In the comments to my recent post on Antisemites being on my side of these issues, Richard Witty said that I had failed to demonstrate journalistic "due diligence" and had indulged in a "prejudicial  journalistic exercise" in reporting from Hebron after a tour there with Breaking the Silence and not getting the other side of the story.

Richard–what's the other side of the story? I invite you to defend the behavior of the landgrabbing racist religious neocolonialists I observed on that trip.

Another gripe. Noah Pollak says that he didn't accuse Philip Giraldi of being an antisemite, just established evidence that Giraldi is unreliable. Noah, I think this is irresponsible of you. Whether or not it was your central point, I don't care; your piece was arguing implicitly that Giraldi is antisemitic. Own your implications.

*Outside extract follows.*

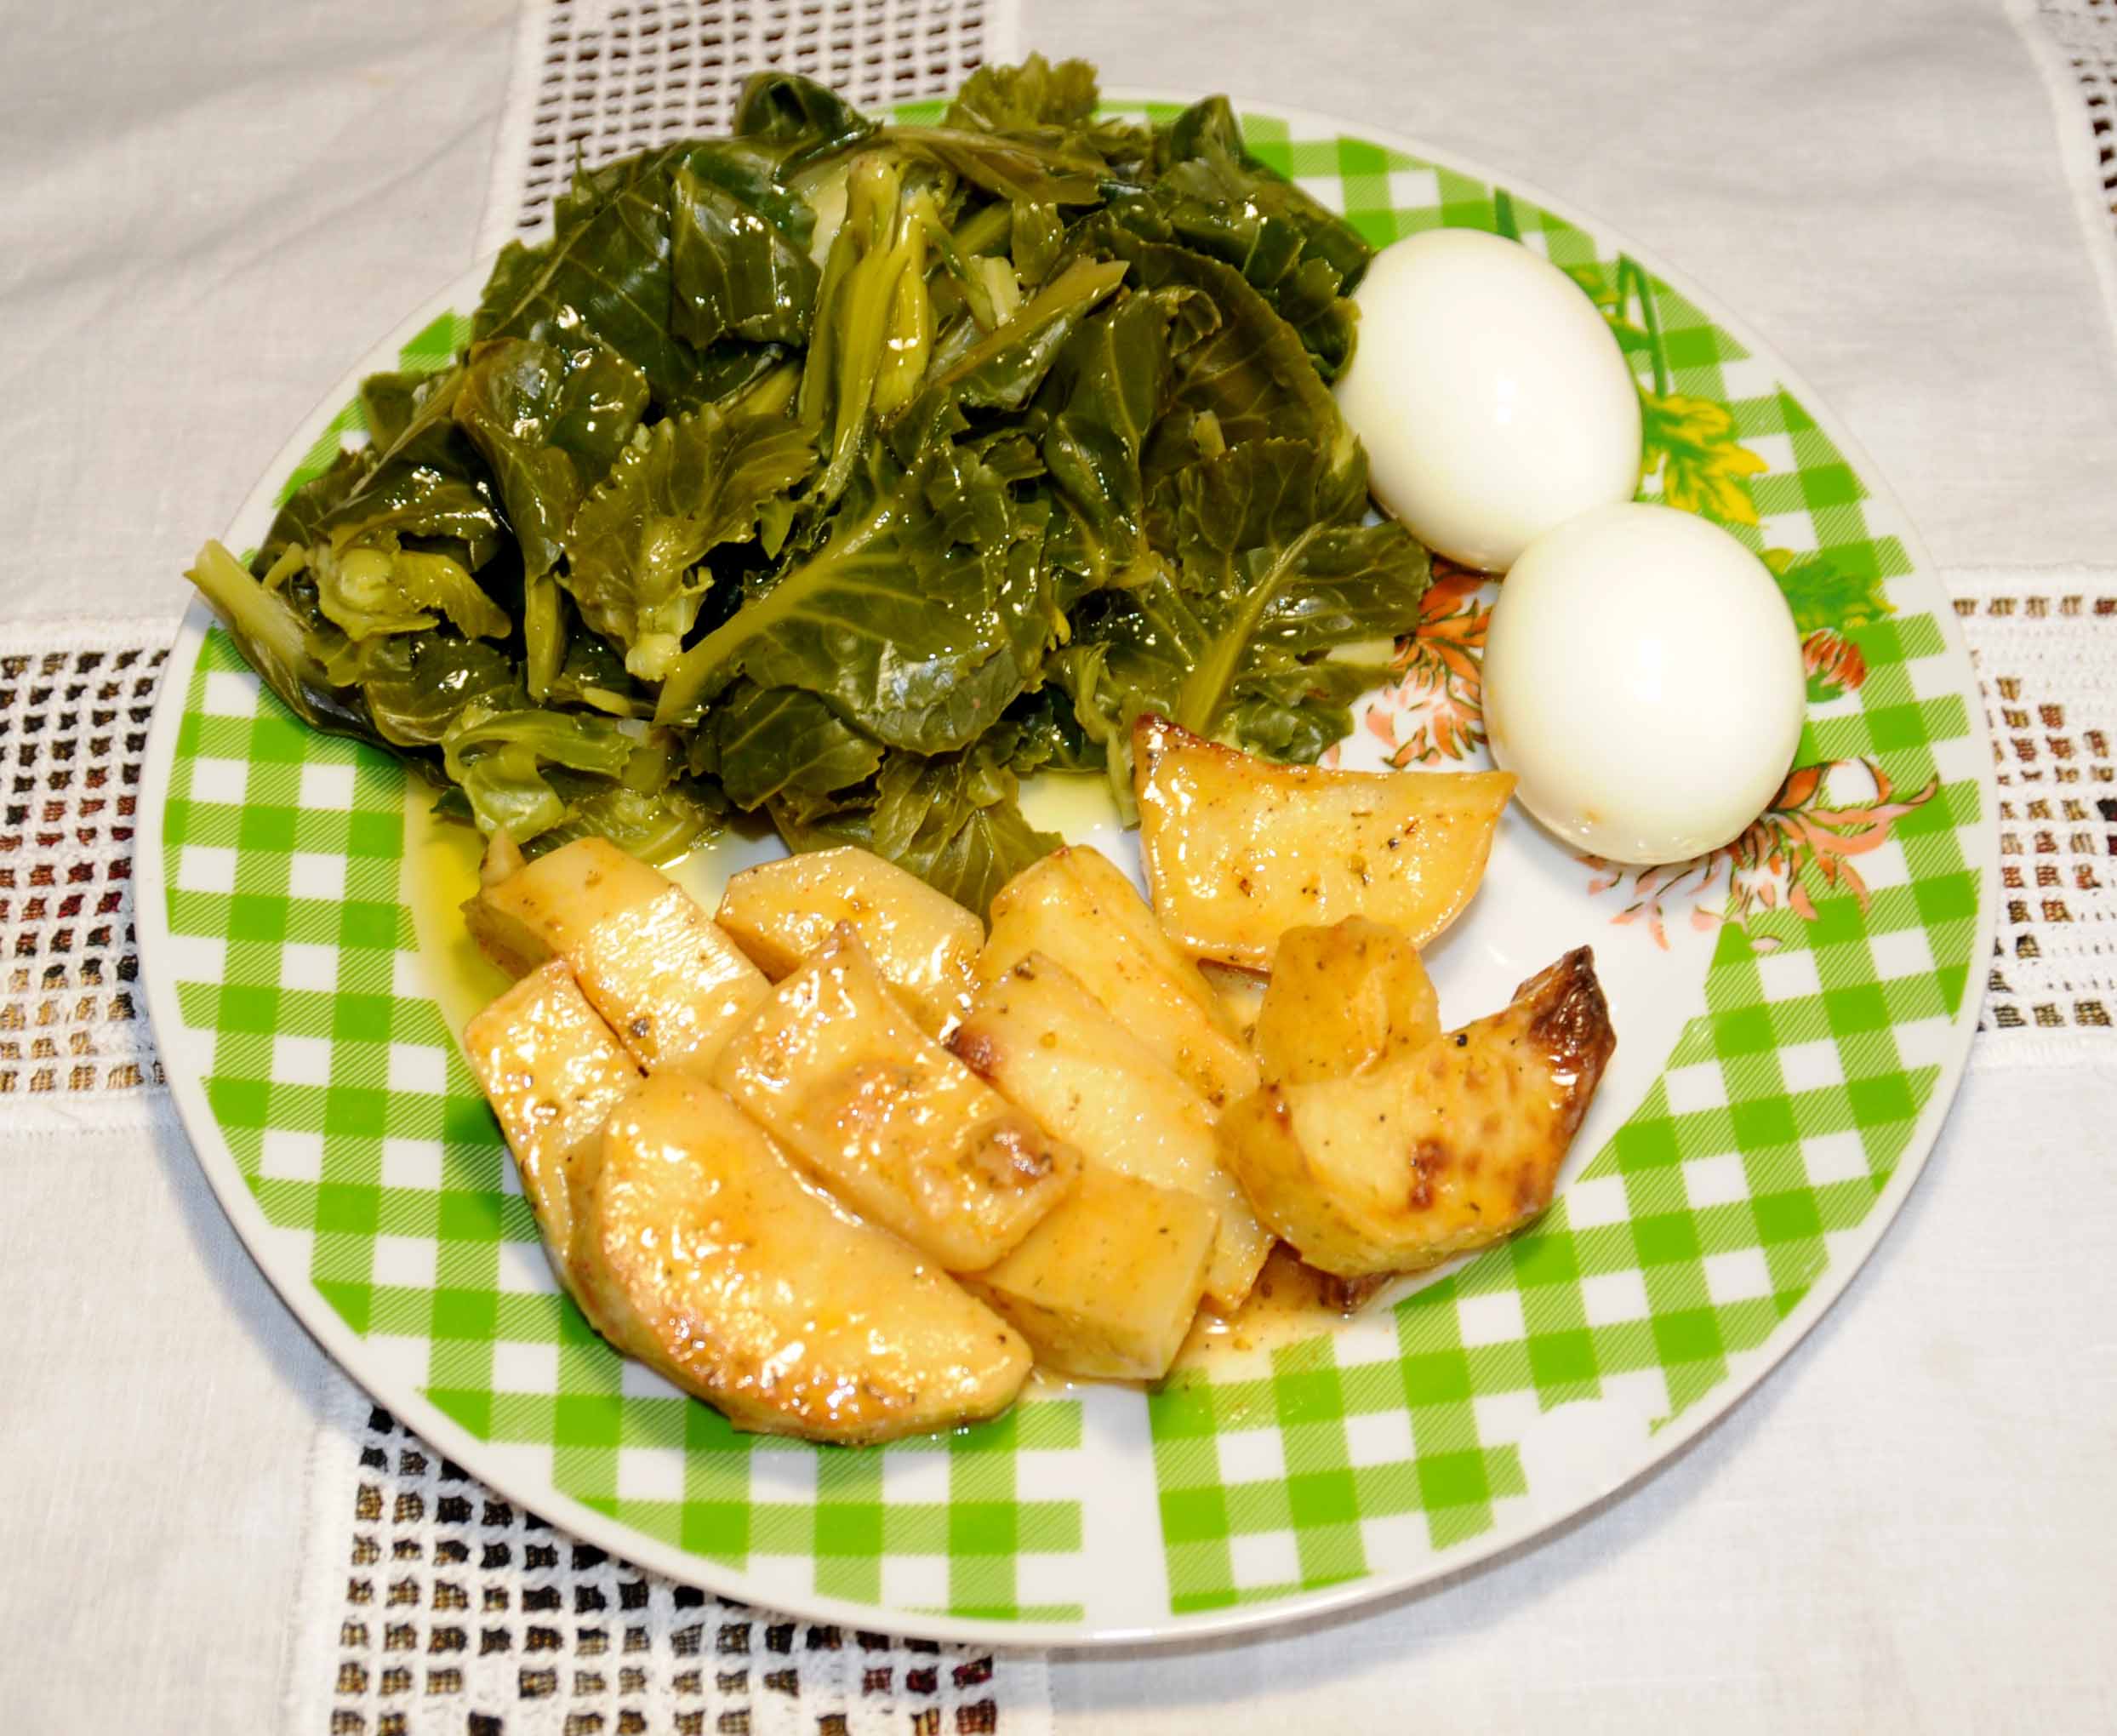 Πατάτες φούρνου με δυο αυγά και λαχανικά - Baked potatoes with two eggs and vegetables

Great comments. I have lots more to say. Just this for now, which I ought to repeat and repeat and repeat unto the horizon: Israel Shahak writes in Jewish History, Jewish Religion: The Weight of Three Thousand Years, that the righteous business of hunting antisemitism is outweighed now by the task of interrogating Jewish and Zionist belief systems for strains of exclusivism and chauvinism. That's where I am. Richard says I blame the Jews for everything. No: I am interrogating my traditions. I'm a proud Jew. There are tons of us. But we are microscoping the exclusivism and chauvinism in light of the 60 years of expansionism and Arab-are-not-people ideology that has licensed…

Hebron.

That word again.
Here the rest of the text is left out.